= Magdalena Salazar Palma =

Spanish radio engineer

Magdalena Salazar Palma (born 1949) is a Spanish electrical engineer focusing on the computational modeling of wireless communications and antennas. She is a professor emeritus in the Department of Signal Theory and Communications at Charles III University of Madrid.

==Education and career==
Salazar was born on 15 June 1949 in Granada, the granddaughter of a telecommunications engineer. She earned a telecommunication engineering degree from the Technical University of Madrid in 1975. and completed a Ph.D. in electrical and electronic engineering there in 1995.

She became an assistant professor at the Technical University of Madrid in 1972. After completing her Ph.D., she was promoted to associate professor in 1996. She moved to Charles III University of Madrid in 2004, at first as an associate professor and then in 2005 as a full professor. She became an emeritus professor in 2020.

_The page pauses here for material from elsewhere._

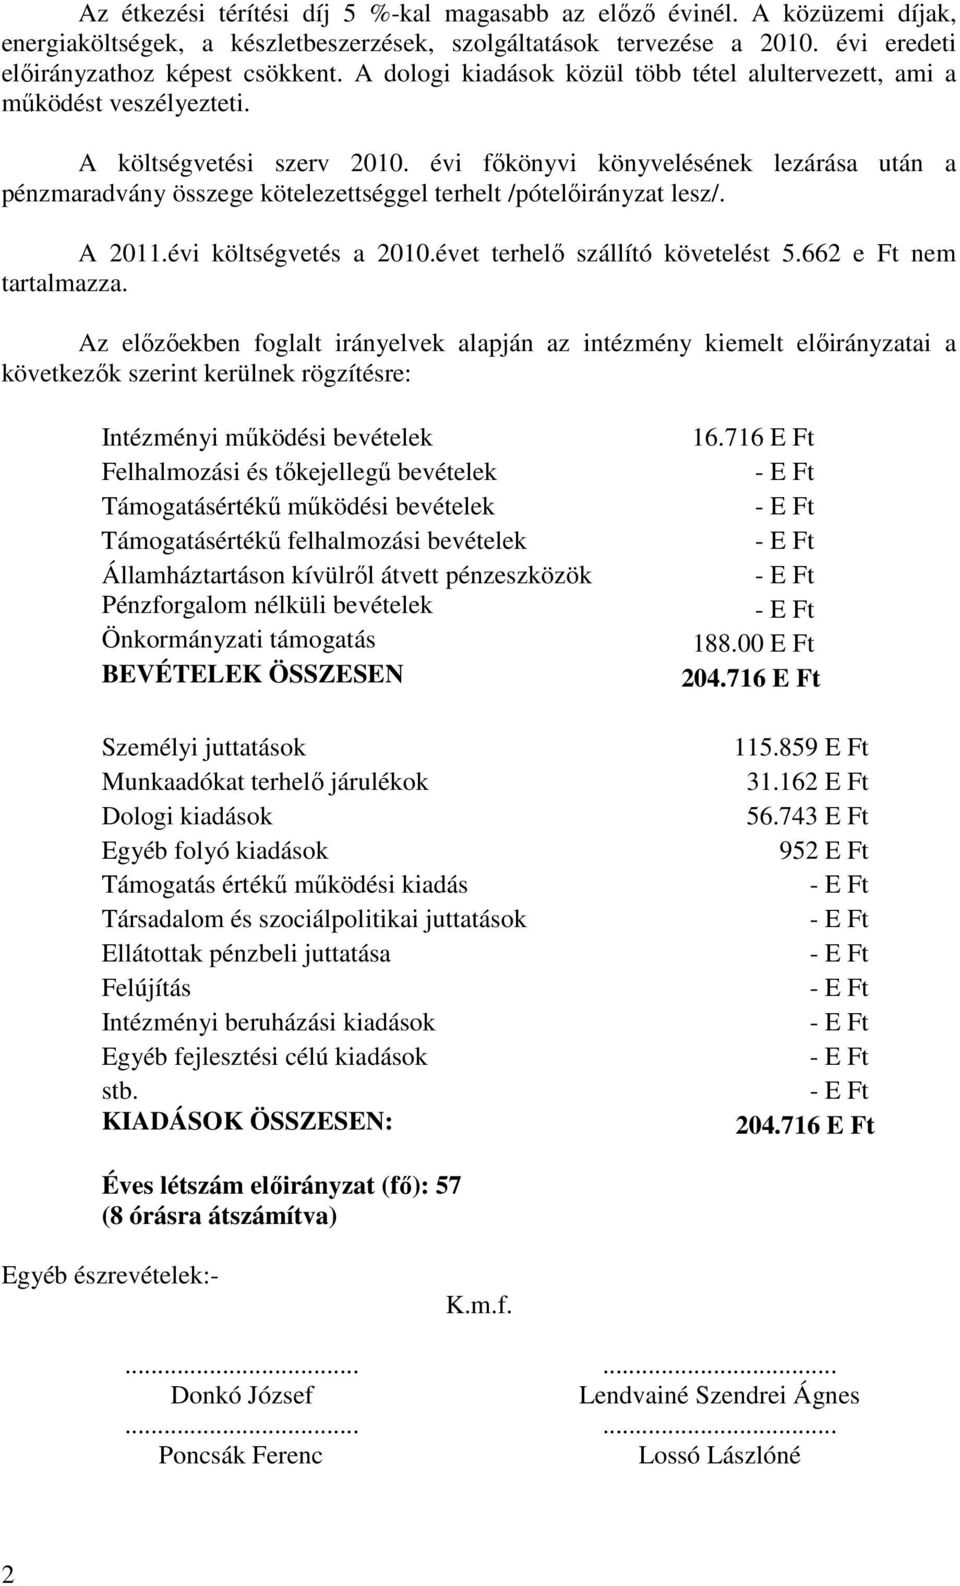 évi fıkönyvi könyvelésének lezárása után a pénzmaradvány összege kötelezettséggel terhelt /pótelıirányzat lesz/. A 2011.évi költségvetés a 2010.évet terhelı szállító követelést 5.

She was president of IEEE Spain from 1997 to 2001, chair of IEEE Women in Engineering for 2004–2005, and president of the IEEE Antennas and Propagation Society for 2011.

==Recognition==
Salazar was elected to the 2014 class of IEEE Fellows "for contributions to the application of numerical techniques to electromagnetic modeling". She has an honorary doctorate from Aalto University in Finland, awarded in 2016.